Loading ...
Sorry, an error occurred while loading the content.

Suggestion: Redefine \Uxxxxx in double-quoted strings

Expand Messages
  • Tony Mechelynck
    Vim is now capable of displaying any Unicode codepoint for which the installed guifont has a glyph, even outside the BMP (i.e., even above U+FFFF), but
    Message 1 of 6 , Apr 6 11:22 AM
    • 0 Attachment
      Vim is now capable of displaying any Unicode codepoint for which the
      installed 'guifont' has a glyph, even outside the BMP (i.e., even above
      U+FFFF), but there's no easy way to represent those "high" codepoints by
      Unicode value in strings: I mean, "\uxxxx" and \Uxxxx" still accept no
      more than four hex digits.

      I propose to keep "\uxxxx" at its present meaning, but extend
      "\Uxxxxxxxx" to allow additional hex digits (either up to a total of 8
      hex digits, in line with ^VUxxxxxxxx as opposed to ^Vuxxxx in Insert
      mode, or at least up to the value \U10FFFF, above which the Unicode
      Consortium has decided that "there never shall be a valid Unicode
      codepoint at any future time".

      I'm aware that this is an "incompatible" change, but I believe the risk
      is low compared with the advantages (as a sidenote, many rare CJK
      characters lie in plane 2, in the "CJK Unified Extension B" range
      U+20000-U+2A6DF).

      The notation "\<Char-0x20000>" or "\<Char-131072>" doesn't work: here
      (in my GTK2/Gnome2 gvim with 'encoding' set to UTF-8), ":echo"ing such a
      string displays <f0><a0><80><fe>X<80><fe>X instead of just the one CJK
      character 𠀀 (and, yes, I've set my mailer to send this post as UTF-8 so
      if yours is "well-behaved" it should display that character properly).


      Best regards,
      Tony.
      --
      Although the moon is smaller than the earth, it is farther away.

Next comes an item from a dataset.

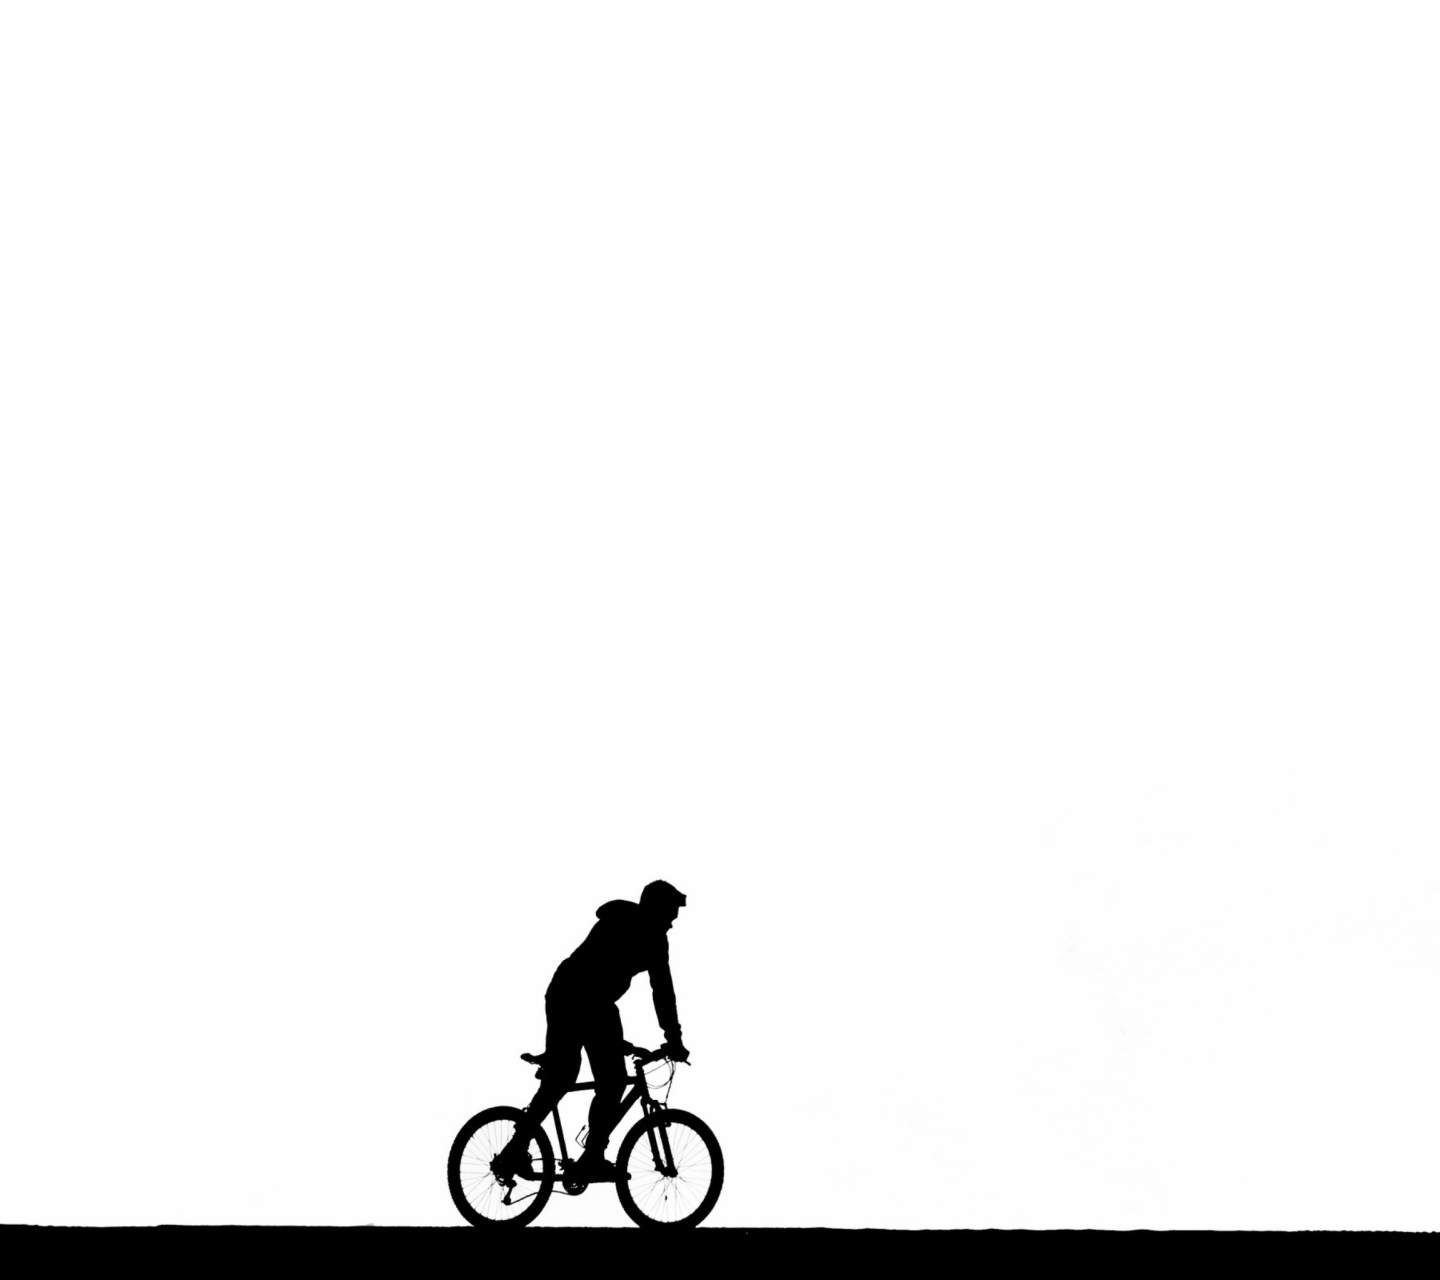 Bicycle Silhouette wallpaper 1440x1280

      --~--~---------~--~----~------------~-------~--~----~
      You received this message from the "vim_multibyte" maillist.
      For more information, visit http://www.vim.org/maillist.php
      -~----------~----~----~----~------~----~------~--~---
    • Bram Moolenaar
      ... It does cause problems for something like U12345 which would now be the character 0x1234 followed by the character 5. After the change it would become
      Message 2 of 6 , Apr 6 1:15 PM
      • 0 Attachment
        Tony Mechelynck wrote:

        > Vim is now capable of displaying any Unicode codepoint for which the
        > installed 'guifont' has a glyph, even outside the BMP (i.e., even above
        > U+FFFF), but there's no easy way to represent those "high" codepoints by
        > Unicode value in strings: I mean, "\uxxxx" and \Uxxxx" still accept no
        > more than four hex digits.
        >
        > I propose to keep "\uxxxx" at its present meaning, but extend
        > "\Uxxxxxxxx" to allow additional hex digits (either up to a total of 8
        > hex digits, in line with ^VUxxxxxxxx as opposed to ^Vuxxxx in Insert
        > mode, or at least up to the value \U10FFFF, above which the Unicode
        > Consortium has decided that "there never shall be a valid Unicode
        > codepoint at any future time".
        >
        > I'm aware that this is an "incompatible" change, but I believe the risk
        > is low compared with the advantages (as a sidenote, many rare CJK
        > characters lie in plane 2, in the "CJK Unified Extension B" range
        > U+20000-U+2A6DF).
        >
        > The notation "\<Char-0x20000>" or "\<Char-131072>" doesn't work: here
        > (in my GTK2/Gnome2 gvim with 'encoding' set to UTF-8), ":echo"ing such a
        > string displays <f0><a0><80><fe>X<80><fe>X instead of just the one CJK
        > character 𠀀 (and, yes, I've set my mailer to send this post as UTF-8 so
        > if yours is "well-behaved" it should display that character properly).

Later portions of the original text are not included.